Terrorism does not pay, even if terrorists initially have a field day strutting about on the stage sowing fear in the hearts of millions around the world. Not so long ago, al-Qaeda went around carrying out its mission of murdering the innocent and threatening the world with destruction. Even now there are pockets of terror, loyal to the organisation, which keep alive the dark possibility of the merchants of death striking in different areas around the world.

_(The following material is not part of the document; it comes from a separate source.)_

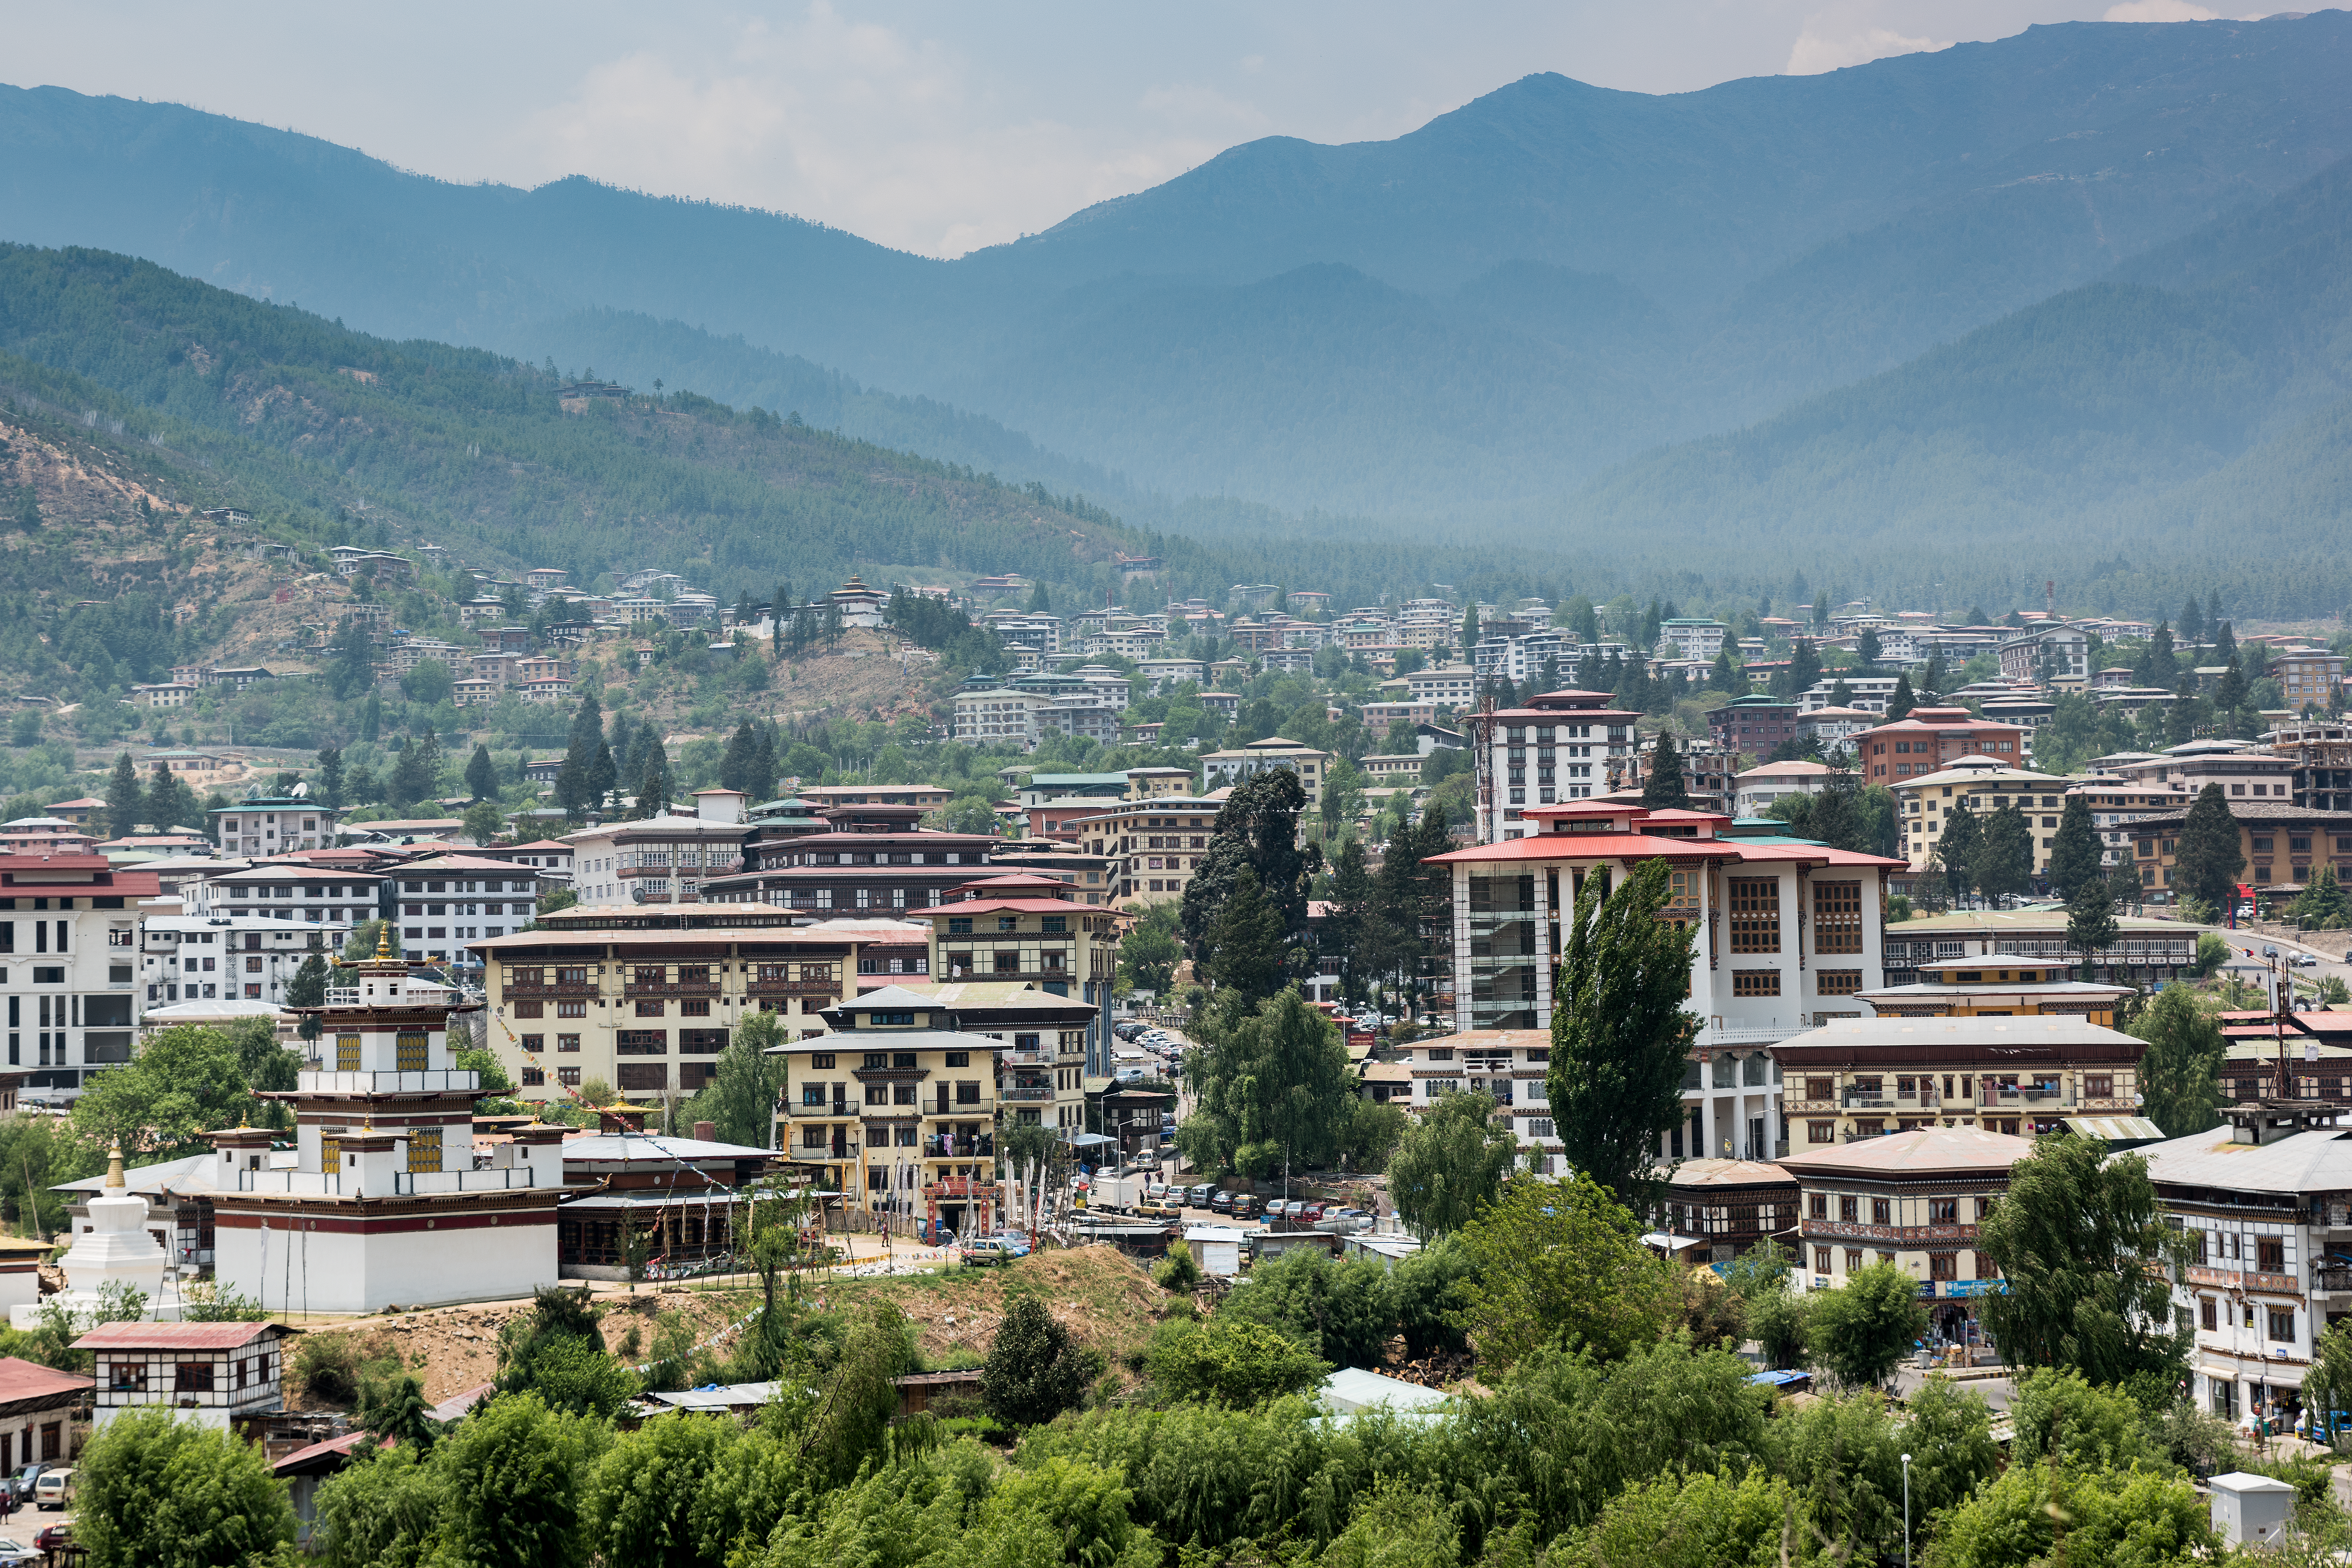 Thimphu, Bhutan (photo credit: Antonio Morales García/flickr)
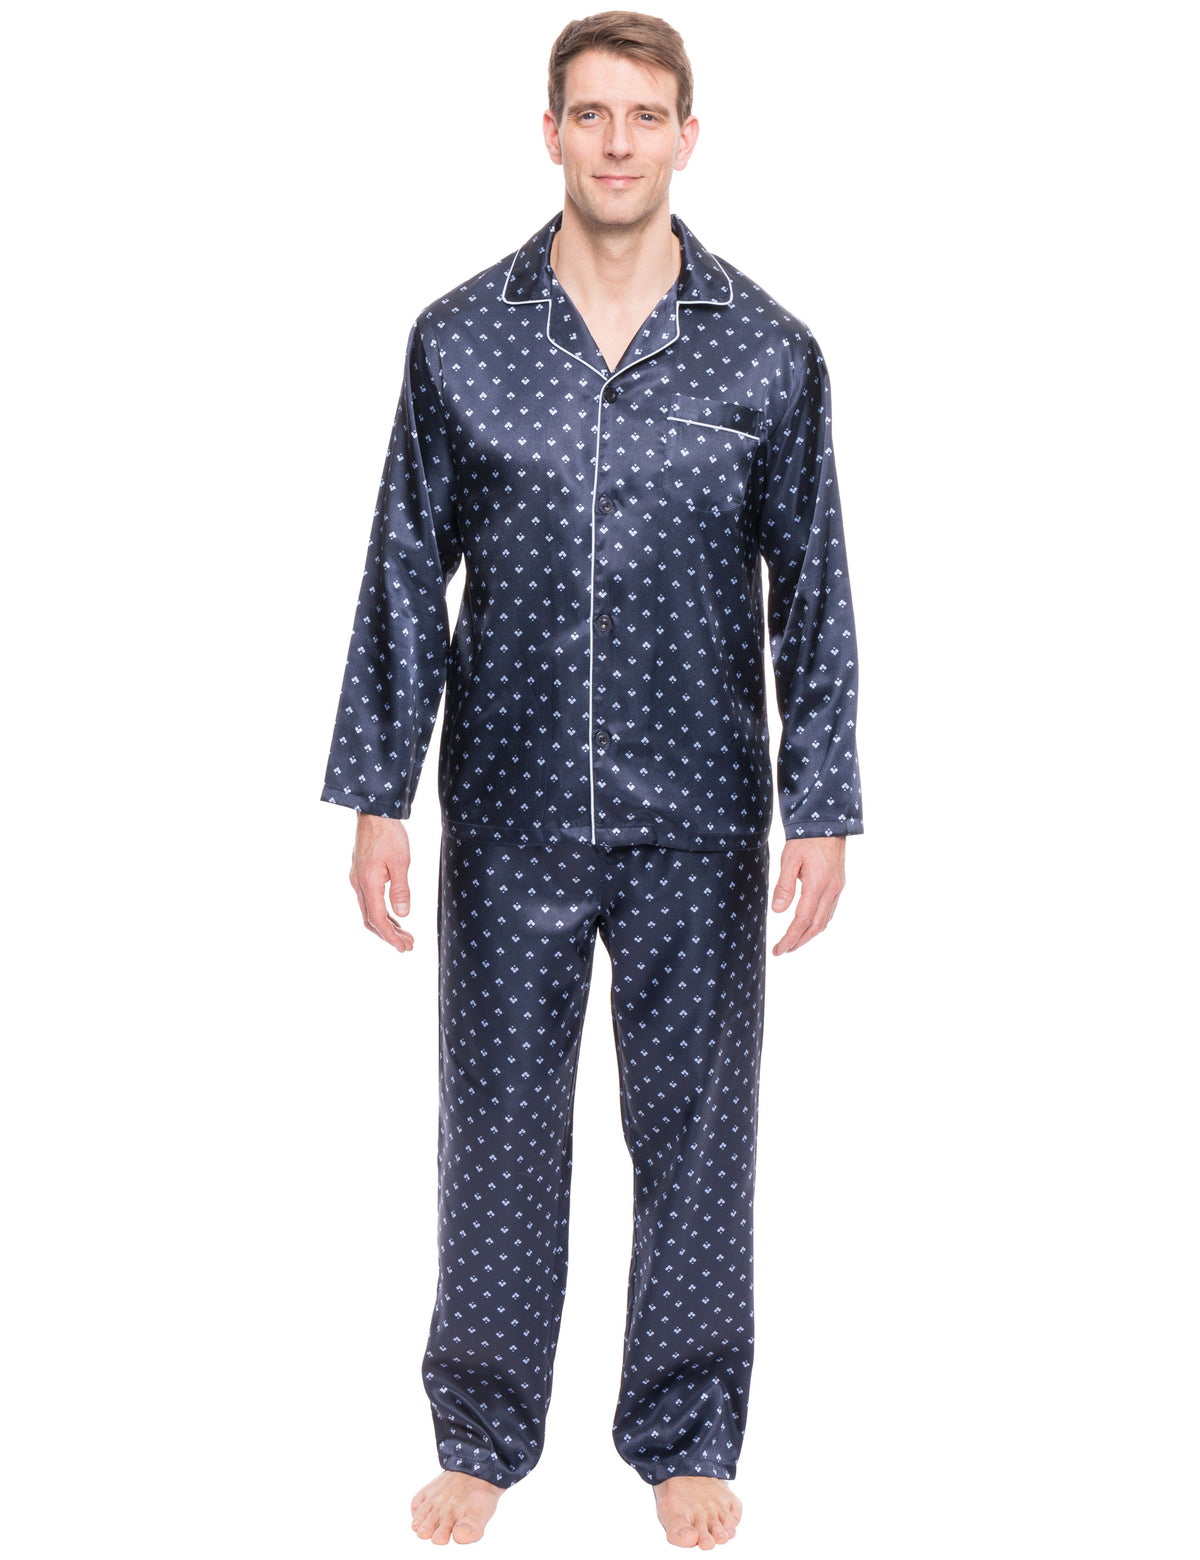 Mens Satin Sleepwear/Pajama Set - Diamond Squares Dark Blue

As we ponder this question of terrorism, we cannot but heave a sigh of relief at the sorry but deserved end of Abu Bakr al-Baghdadi in a remote hamlet in Syria. It was an efficient, well-planned assault by American forces which did the job. The death of the leader of ISIS, who styled himself as the caliph of the Islamic ummah and in that position went about creating fear among people everywhere in the Middle East, to a point where he drew supporters to his cause from all over the globe, hopefully brings his macabre policies to an end. We cannot but recall the gruesome manner in which the so-called Islamic State murdered hostages in the desert for reasons that simply did not exist. At the same time, there are the sordid tales of Yazidi men and boys being murdered and their women seized to provide sexual gratification to al-Baghdadi and his band of murderous men. Add to that the thousands of young people, including women, enamoured of the false promises of a perfect world of contentment under al-Baghdadi's 'caliphate', who made their way to the territory occupied by ISIS in Syria and did their part in perpetrating a hideous ideology that was as evil as it was horrible.

In these past few years, ISIS promised little more than a dissemination of hate around the world. It was hate it employed through sheer terror, to a point where, like al-Qaeda and the Taliban before it, it gave Islam a bad name. The ugliness al-Baghdadi and his adherents propagated through their reign of terror needed to be rolled back. In the past several months, through the concerted actions of such forces as the Kurds, ISIS went on suffering one blow after another. It went on losing territory, eventually reaching a position where it had nothing but a sliver of land as the Islamic state it had promised to impose on the world. As for al-Baghdadi himself, like Osama bin Laden and Mullah Omar, he was forced to go looking for places to hide in. On Sunday, his crimes caught up with him.

The death of al-Baghdadi is a triumph of civilised men and women over the purveyors of medieval barbarism. But even as people express relief at his end, they must remain conscious of the fact that many of his adherents, who are on the loose, must be apprehended and brought to justice. They must be hunted down as their leader was hunted down.